Rather than having board members rush to the “Ask,” soliciting their friends and business associates following the traditional strong-arming approach of the past, what if your board members and volunteers used that same trusted relationship to invite their friends and colleagues to your organization’s engaging and compelling one-hour Point of Entry Events and let the guests decide for themselves if your work mattered enough to them to get involved?
That is precisely what happened during the two years I worked as the first development director at an urban academy in Seattle, where I began to develop the Benevon Model.
Our board members all truly loved the school and had joined the board because they really cared. They had each already spent time at the school and had listened to and responded to the powerful vision of the school’s founders.
So once we created and began to hold our introductory tours, now called Point of Entry Events, on a regular basis, the board members happily volunteered to invite their friends to their private Points of Entry, often taking their friends to breakfast or lunch afterwards.
I remember the first time one of their guests, Martin, fell in love with the school. As he was leaving his first Point of Entry Event, Martin turned and said to me, “This was amazing! How do I get on the board here?” When I called our board chair, John, to tell him what Martin had said, he was stunned. “He actually said that? Do you know how great that makes me feel? To think that someone of Martin’s caliber fell in love with the school in his own right and could carry on the leadership of our board—that is remarkable!” Martin, like many others after him, joined the board and provided strong leadership for many years.
Compare that outcome to the old approach. One of our board members could have taken Martin out for lunch and asked him to write a check to this great inner-city school. Martin would have obliged dutifully. End of story. Or perhaps a board member and his wife could have invited Martin and his wife to join them at an annual gala or golf tournament, where there would be even less of a connection with the school’s mission.
Instead, we cultivated the relationship with Martin after the Point of Entry Event. I made a Five-Step Follow-Up Call three days later and asked him what he thought of the school and the tour.
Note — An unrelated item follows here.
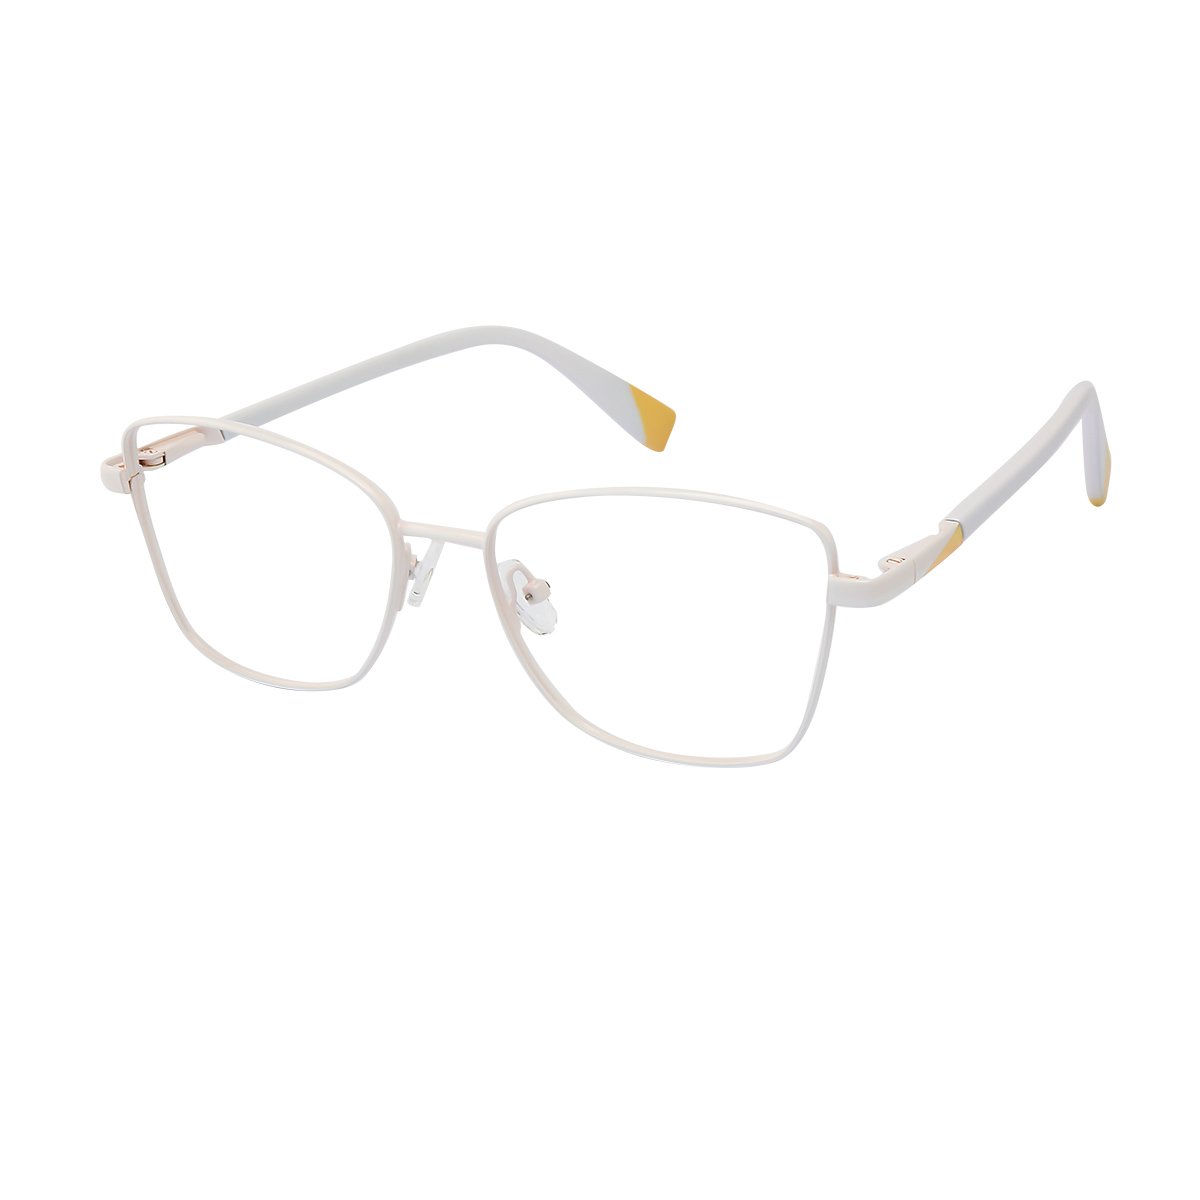 Gwendoline - Square White Reading Glasses for Women

How else might he like to become involved? Was there anyone he might like to invite to attend a tour?
The result was that Martin became what we now call an Ambassador, inviting first his family and then his business associates to private Points of Entry he hosted at the school. As we followed up with his friends and family, many of them got involved with the school, and Martin became more involved as well. He was a Table Captain at our first Free One-Hour Ask Event about nine months later; seven of his nine guests had already attended Point of Entry Events. Three of them joined our Multiple-Year Giving Society, pledging $1,000 a year for each of the next five years. One other guest, in addition to Martin himself, pledged $5,000 a year for five years.
That one referral—based strictly on one board member’s relationship with Martin—led to pledges totaling $65,000. And the ripple effect was just beginning. Martin sat on the board of a private foundation, ran a company, and had many other relationships with people he was excited to introduce to the school. Each of our board members was discovering the same thing: it was far more effective to invite their friends and colleagues to their private Point of Entry Event and then leave it to their guest to choose to become involved or not, than it was to ask them prematurely to write a check to the school.
Because they had each attended at least one Point of Entry Event themselves, board members knew their friends would be inspired and educated about the school in that hour, whether or not they ever chose to become involved. They also knew that after the Follow-Up Call, I would “bless and release” those guests who did not want to become involved, so there would be no awkwardness the next time they saw their friend. At that point, it would be the organization’s job to develop an ongoing relationship between the donor and the school, and ultimately for asking for money if that was appropriate.
The first year, we did that asking at the Ask Event. The people who came to the Ask Event were the same people who had already attended the Points of Entry and had specifically expressed interest in staying involved with the organization. They knew they were going to be asked for money. In fact, many wondered why no one had asked them sooner. The same friend who had initially invited them to the Point of Entry—their Ambassador—became their Table Captain at the Ask Event.
Those relationships between board members, volunteers, staff, and their friends and colleagues had been used to build new relationships between potential donors and the organization itself. Now it would be up to the staff to develop and manage those relationships skillfully, over time, involving volunteers as appropriate, to cultivate each major donor and grow a strong major-gifts program.